Write the listing below out again exactly, dropping the images.

RECORDED DATA Start Marker

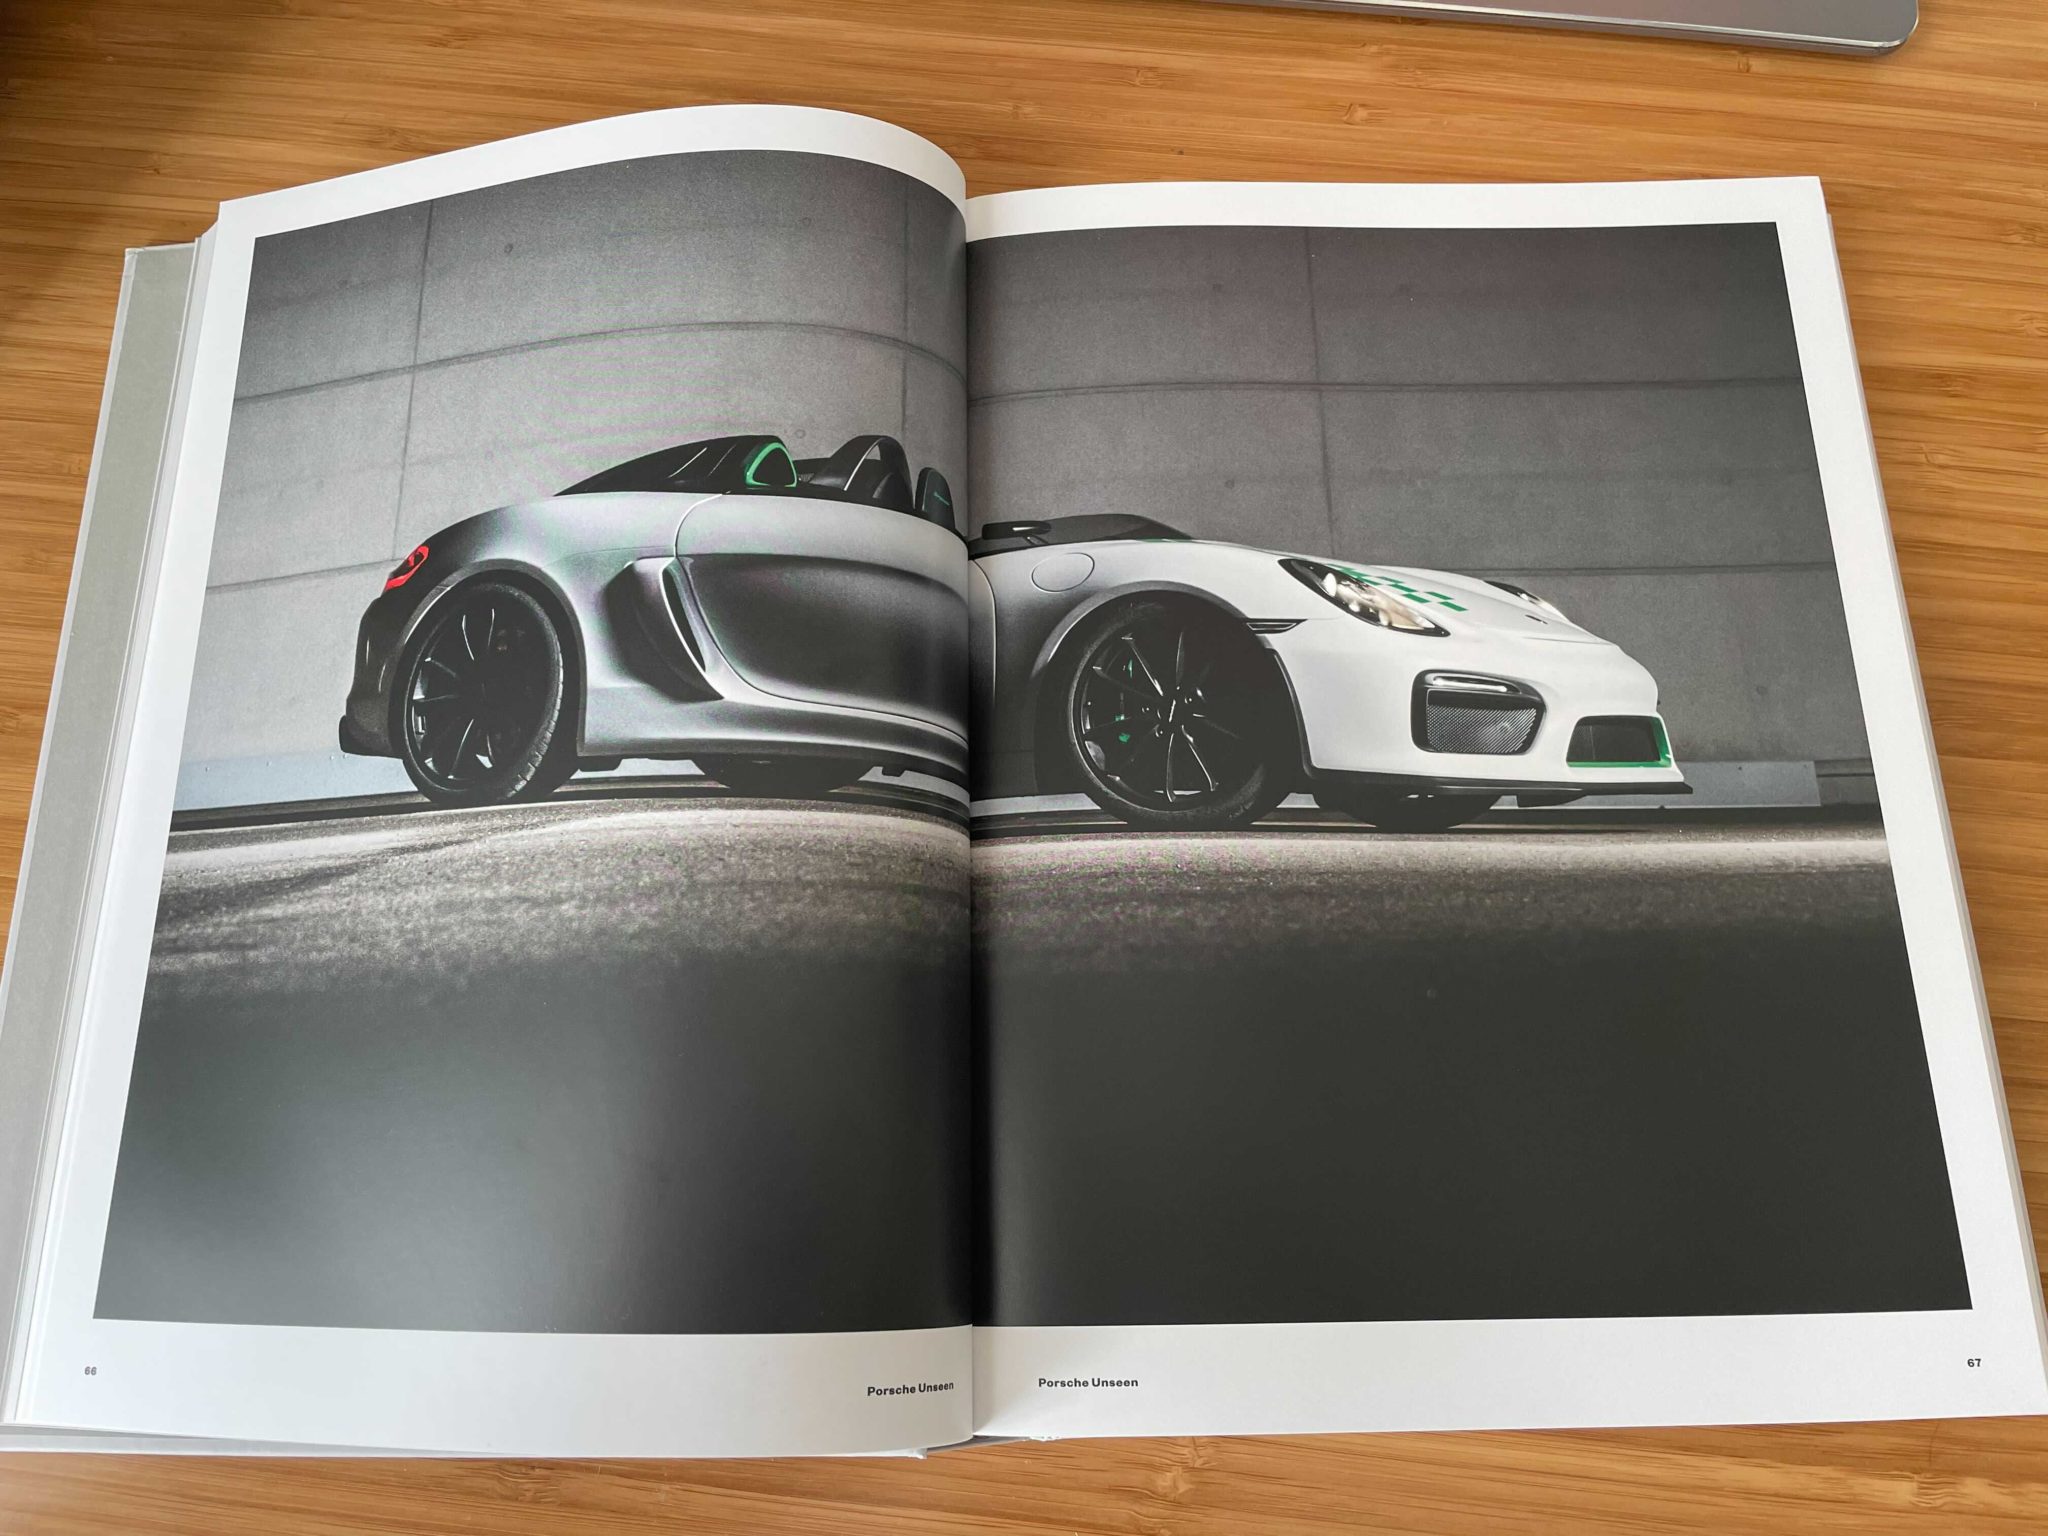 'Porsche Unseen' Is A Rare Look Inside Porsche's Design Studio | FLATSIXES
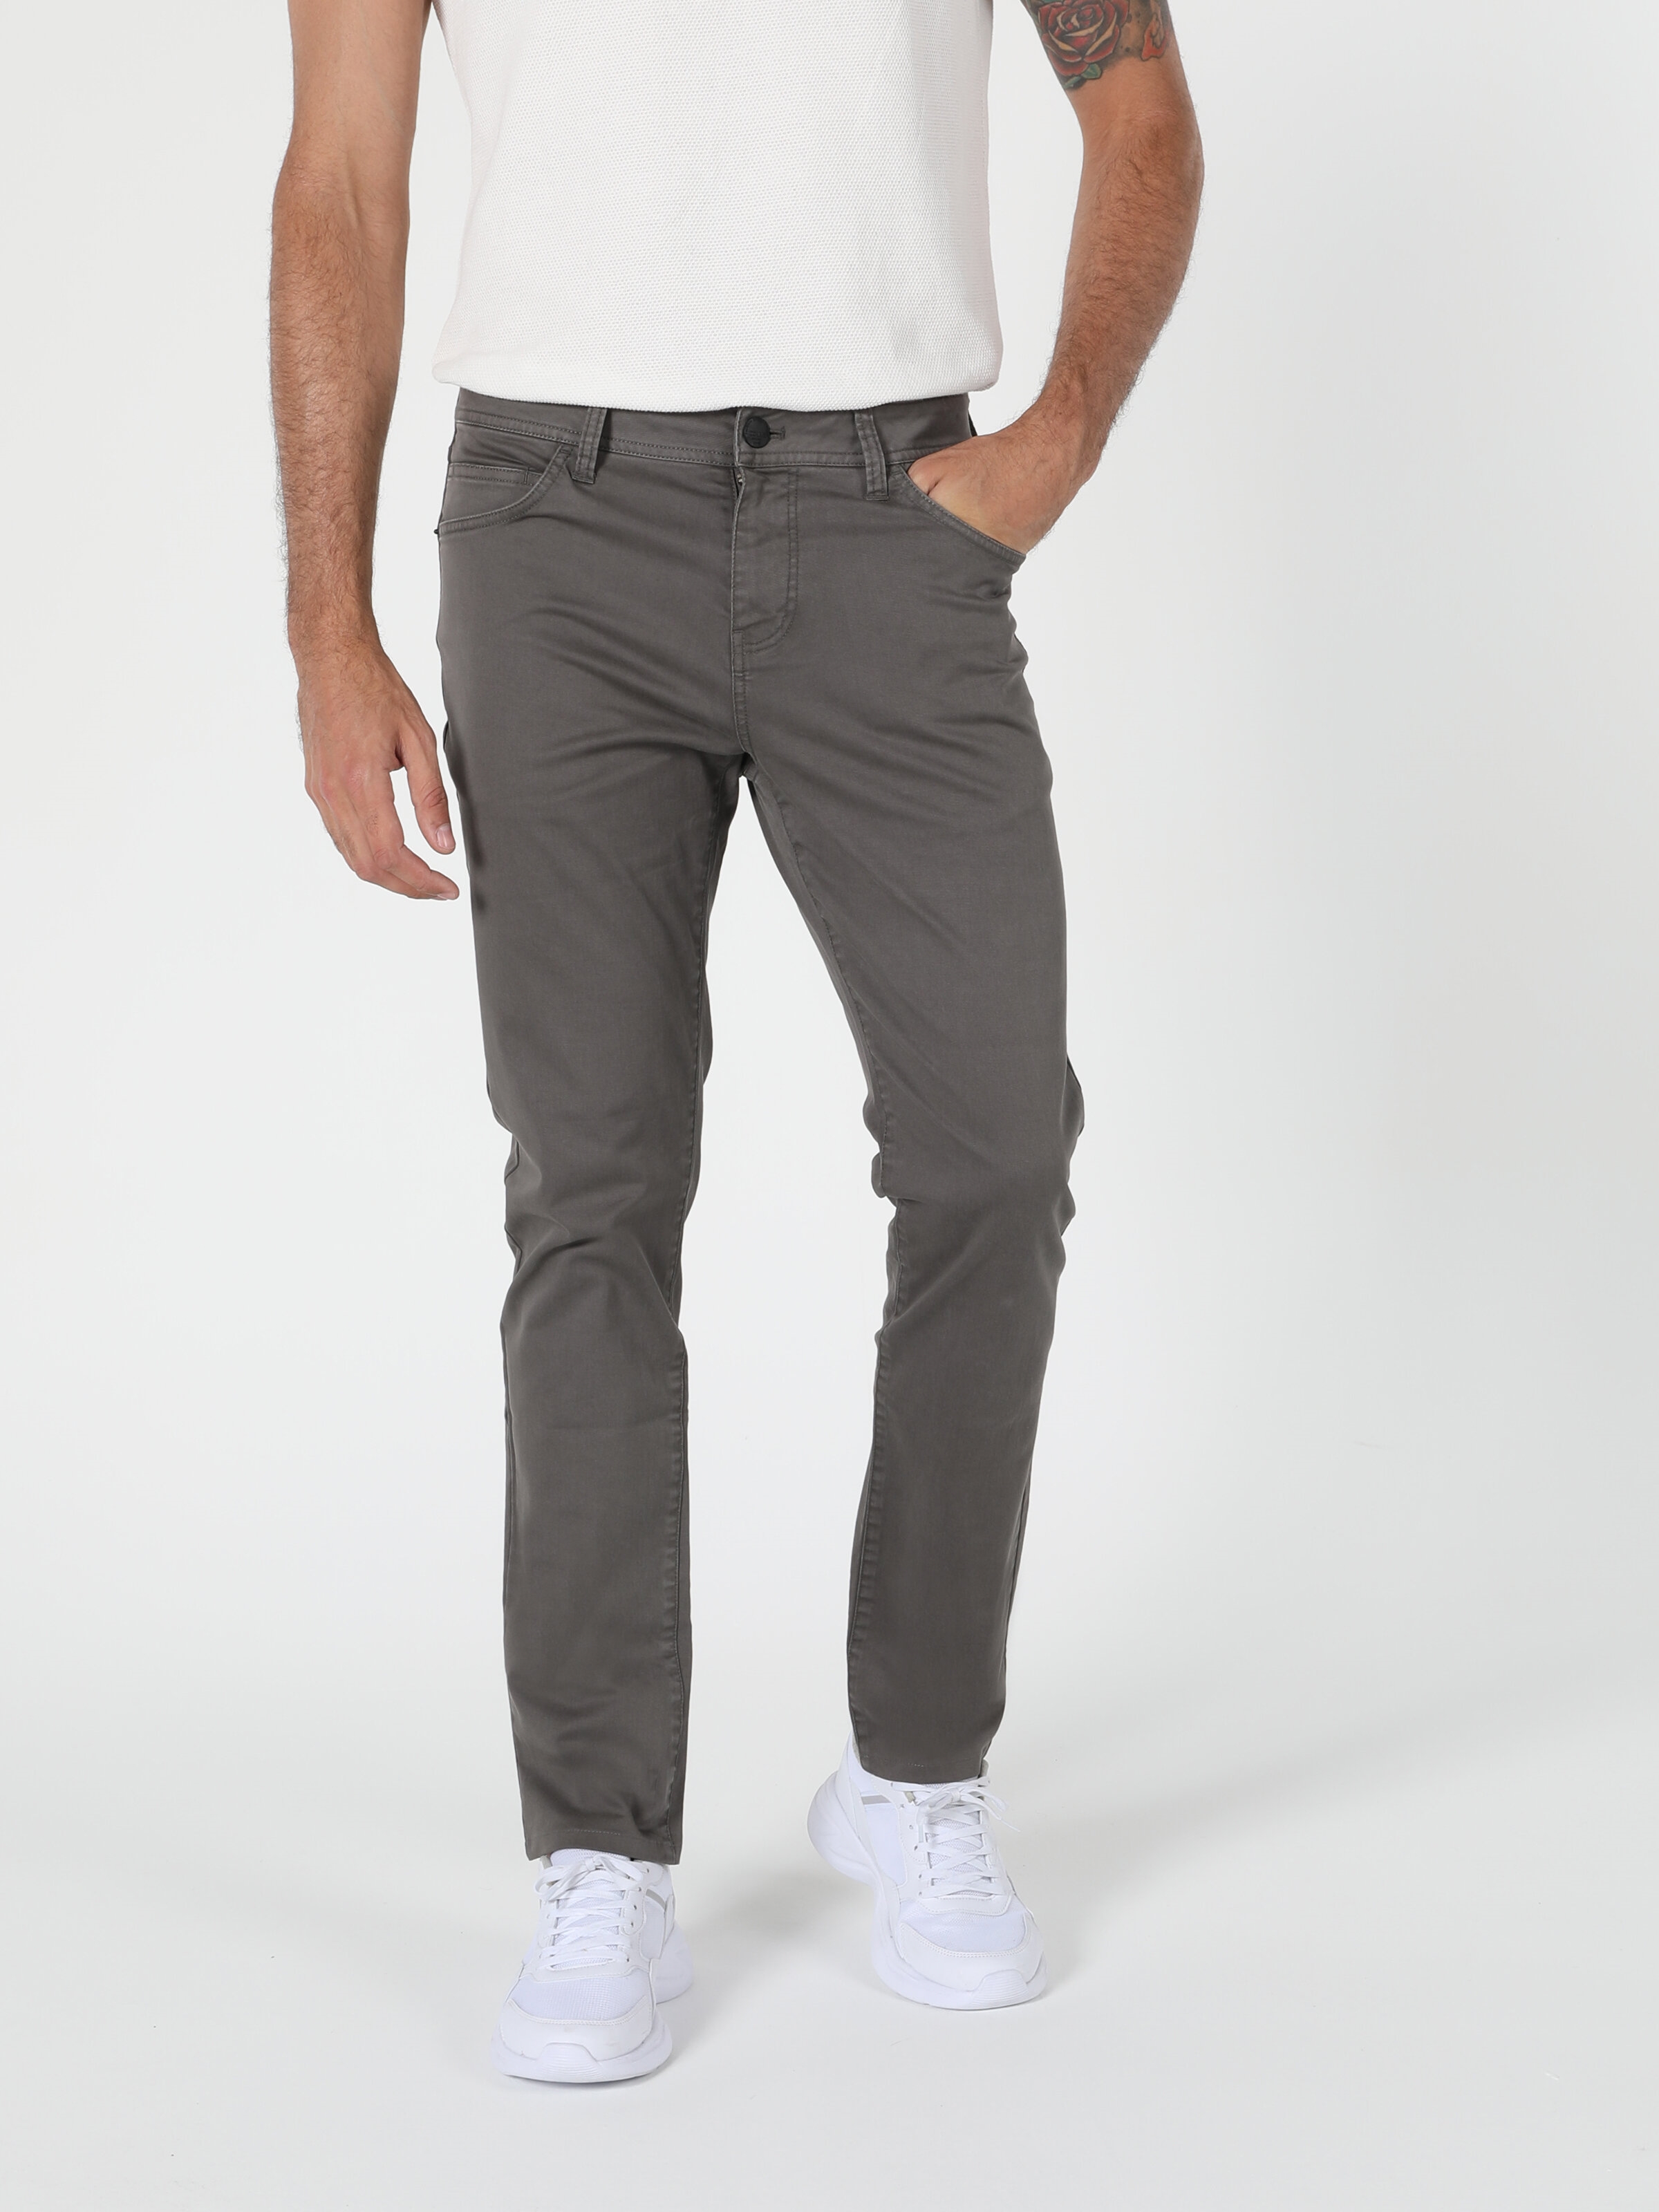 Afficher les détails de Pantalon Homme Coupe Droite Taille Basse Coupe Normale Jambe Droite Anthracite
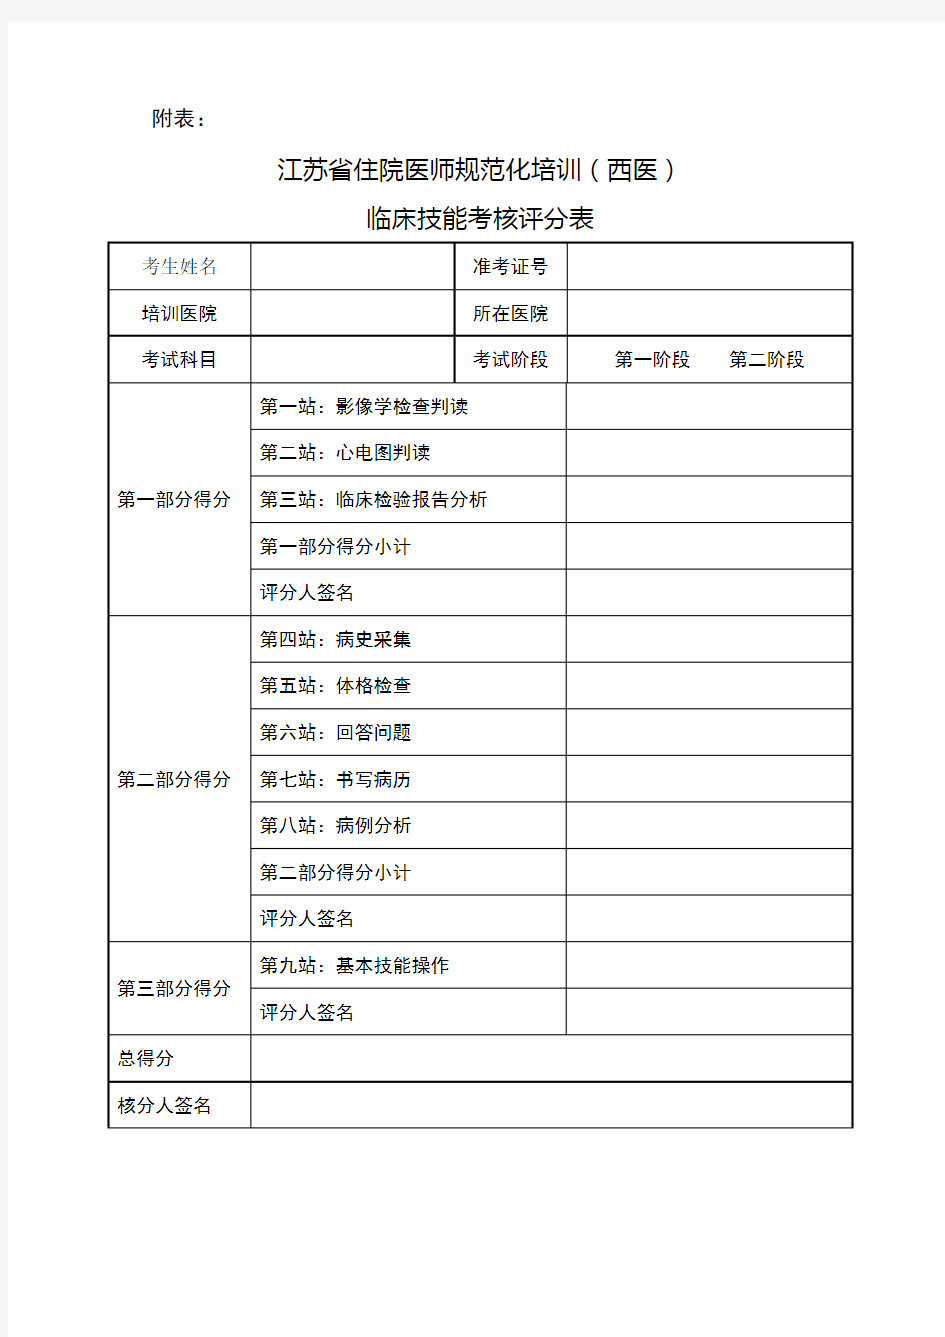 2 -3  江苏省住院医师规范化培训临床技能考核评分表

RECORDED DATA End Marker

» **TASK ANSWER**
 'Porsche Unseen' Is A Rare Look Inside Porsche's Design Studio | FLATSIXES
 Afficher les détails de Pantalon Homme Coupe Droite Taille Basse Coupe Normale Jambe Droite Anthracite
 2 -3  江苏省住院医师规范化培训临床技能考核评分表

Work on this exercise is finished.